Although I did not have time to benchmark, my guess is that this, which is one from Intel, is not at all enough against libc.
June 05, 2019
On Wednesday, 5 June 2019 at 00:22:08 UTC, Stefanos Baziotis wrote:

> This looks like the one that is called. Consider also the other link Mike posted:
> https://github.com/DPDK/dpdk/blob/master/lib/librte_eal/common/include/arch/x86/rte_memcpy.h
>
> Although I did not have time to benchmark, my guess is that this, which is one from Intel, is not at all enough against libc.

I benchmarked the older rte_memcpy here (https://github.com/DPDK/dpdk/blob/60a3df650d523bd2e4bb4f77f9278f25f7f1a65c/lib/librte_eal/common/include/arch/x86/rte_memcpy.h) on a Linux virtual machine and rte_mempcy was quite a bit faster than libc.  It's worth a deeper look.

Mike
June 05, 2019
On Wednesday, 5 June 2019 at 01:14:26 UTC, Mike Franklin wrote:
> On Wednesday, 5 June 2019 at 00:22:08 UTC, Stefanos Baziotis
>
> I benchmarked the older rte_memcpy here (https://github.com/DPDK/dpdk/blob/60a3df650d523bd2e4bb4f77f9278f25f7f1a65c/lib/librte_eal/common/include/arch/x86/rte_memcpy.h) on a Linux virtual machine and rte_mempcy was quite a bit faster than libc.  It's worth a deeper look.
>
> Mike

Our Dmemcpy is faster than libc on a Linux virtual machine too. :p

But yes, again, take what I said with a grain of salt, it's just an assumption.

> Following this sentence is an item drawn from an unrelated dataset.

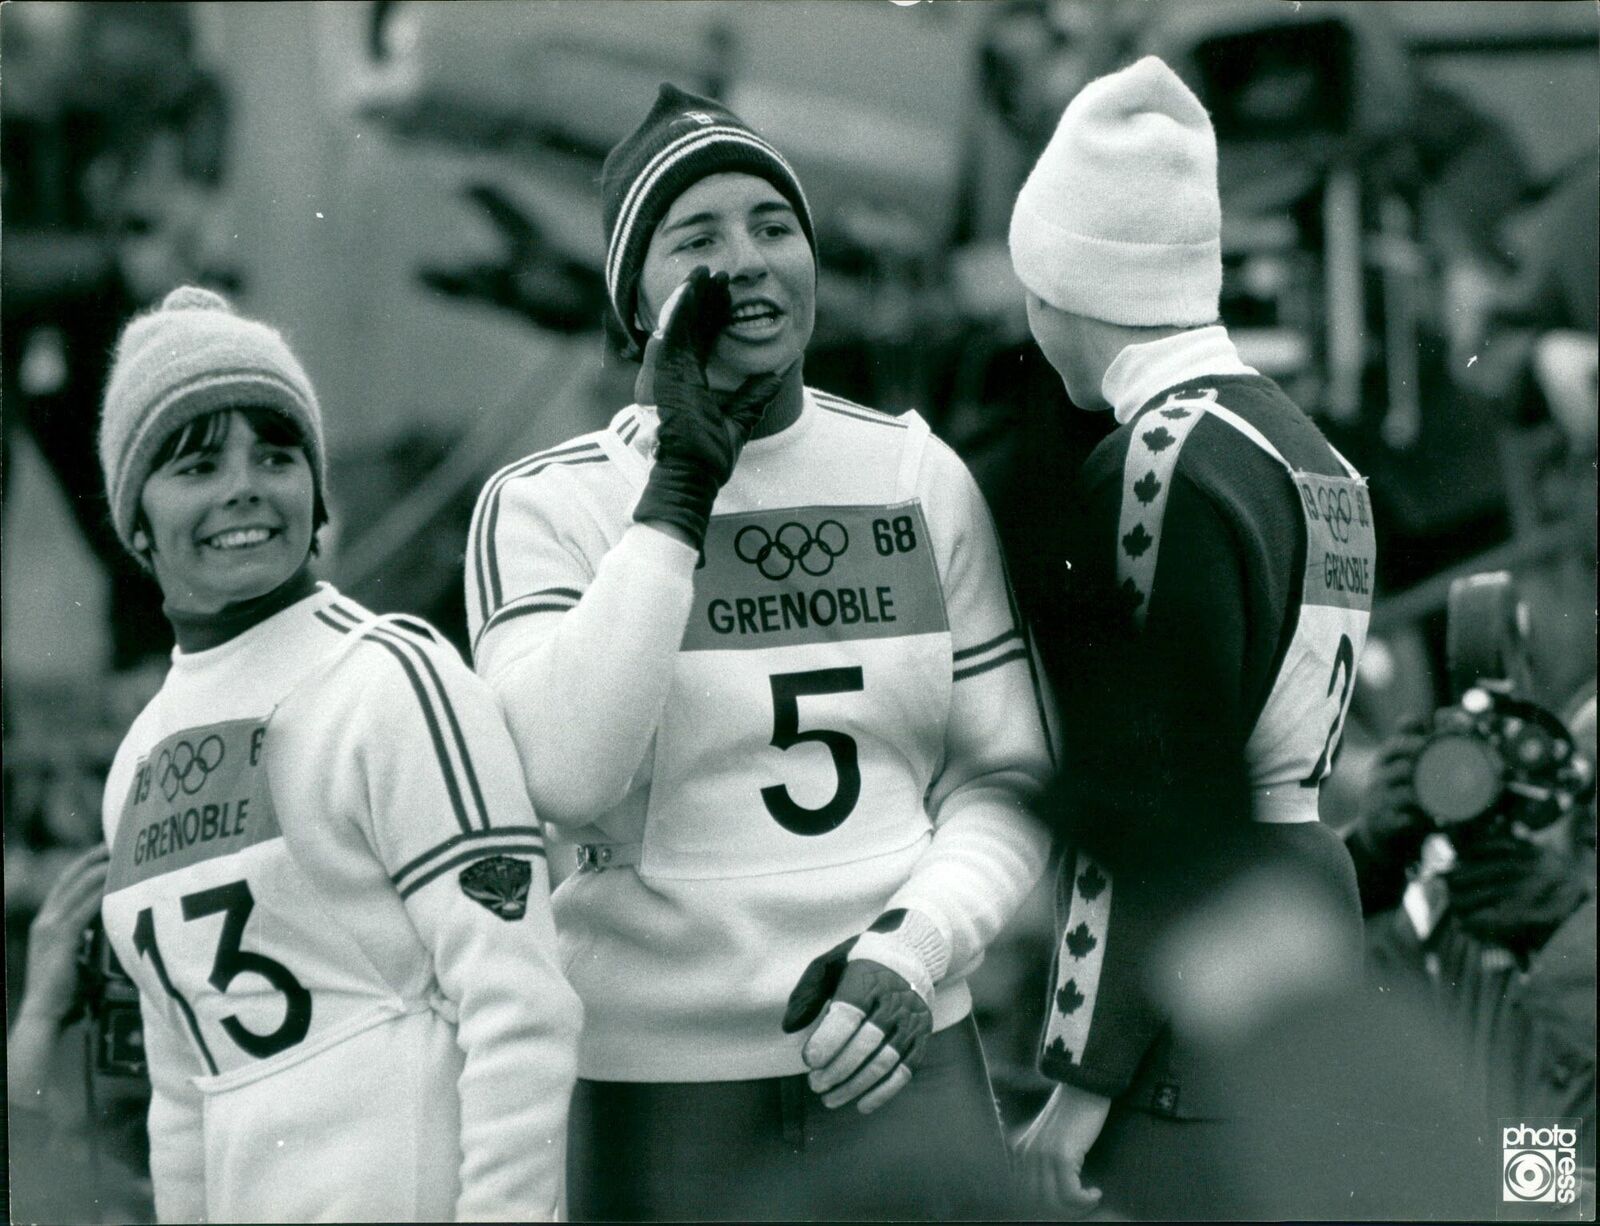 1968 Winter Olympics - Vintage Photograph 3772397

Indeed it deserves greater analysis.

June 05, 2019
On Wednesday, 5 June 2019 at 01:21:20 UTC, Stefanos Baziotis wrote:
> On Wednesday, 5 June 2019 at 01:14:26 UTC, Mike Franklin wrote:
>> On Wednesday, 5 June 2019 at 00:22:08 UTC, Stefanos Baziotis
>>
>> I benchmarked the older rte_memcpy here (https://github.com/DPDK/dpdk/blob/60a3df650d523bd2e4bb4f77f9278f25f7f1a65c/lib/librte_eal/common/include/arch/x86/rte_memcpy.h) on a Linux virtual machine and rte_mempcy was quite a bit faster than libc.  It's worth a deeper look.
>>
>> Mike
>
> Our Dmemcpy is faster than libc on a Linux virtual machine too. :p
>
> But yes, again, take what I said with a grain of salt, it's just an assumption. Indeed it deserves greater analysis.

How did you compile the code? GCC and Clang both target baseline x64, to use features like AVX2 you have to enable them, that of course means that not all CPUs will be able to run the code, though it will run faster on those that do.

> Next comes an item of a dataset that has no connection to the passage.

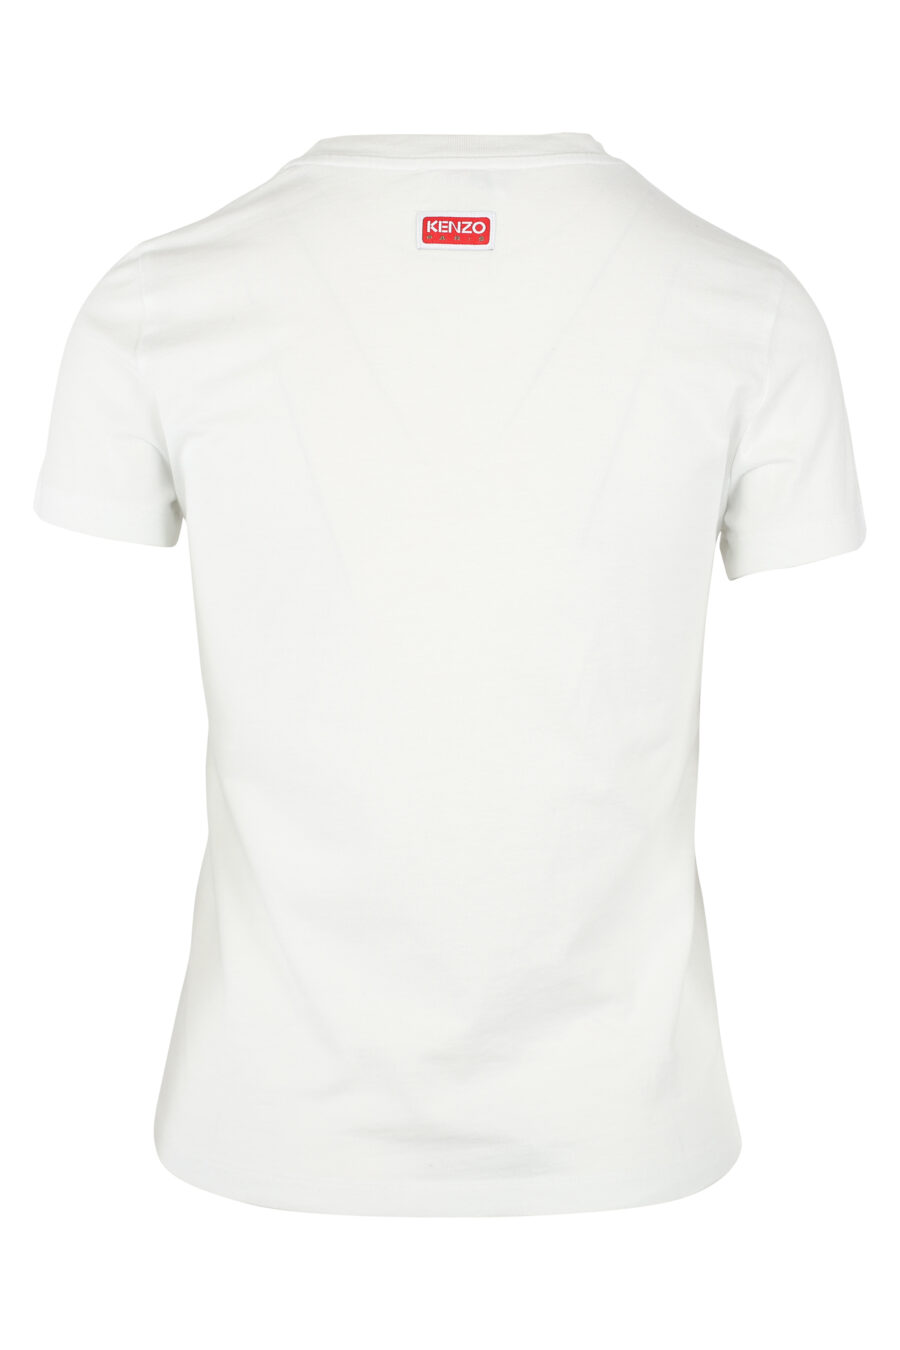 Camiseta blanca con maxilogo tigre - IMG 9531

I'd say this should include ARM as well, but there's one D compiler that doesn't support it so...
June 05, 2019
On Wednesday, 5 June 2019 at 03:00:13 UTC, Exil wrote:

> How did you compile the code? GCC and Clang both target baseline x64, to use features like AVX2 you have to enable them, that of course means that not all CPUs will be able to run the code, though it will run faster on those that do.

If you're referring to the rte_memcpy file, I compiled it with -march=native.





June 05, 2019
On Tuesday, 4 June 2019 at 08:31:54 UTC, KnightMare wrote:
> TL;DR
> Should we attn to WASM where there are no system things (mmap, allocators), where memory is an array of ints?

If any of the work from this project gets merged into druntime (which appears will be an uphill battle) it should be easier to port druntime to new platforms like WASM.  That is one of the motivations:  To reduce the dependency on libc to platform implementation detail that any platform can override/reimplement/supplement as needed without impacting any other platform.

Mike
June 28, 2019
On Friday, 31 May 2019 at 21:01:01 UTC, Stefanos Baziotis wrote:
> The goal of this project is to remove the dependency of the D Runtime from the C Standard Library.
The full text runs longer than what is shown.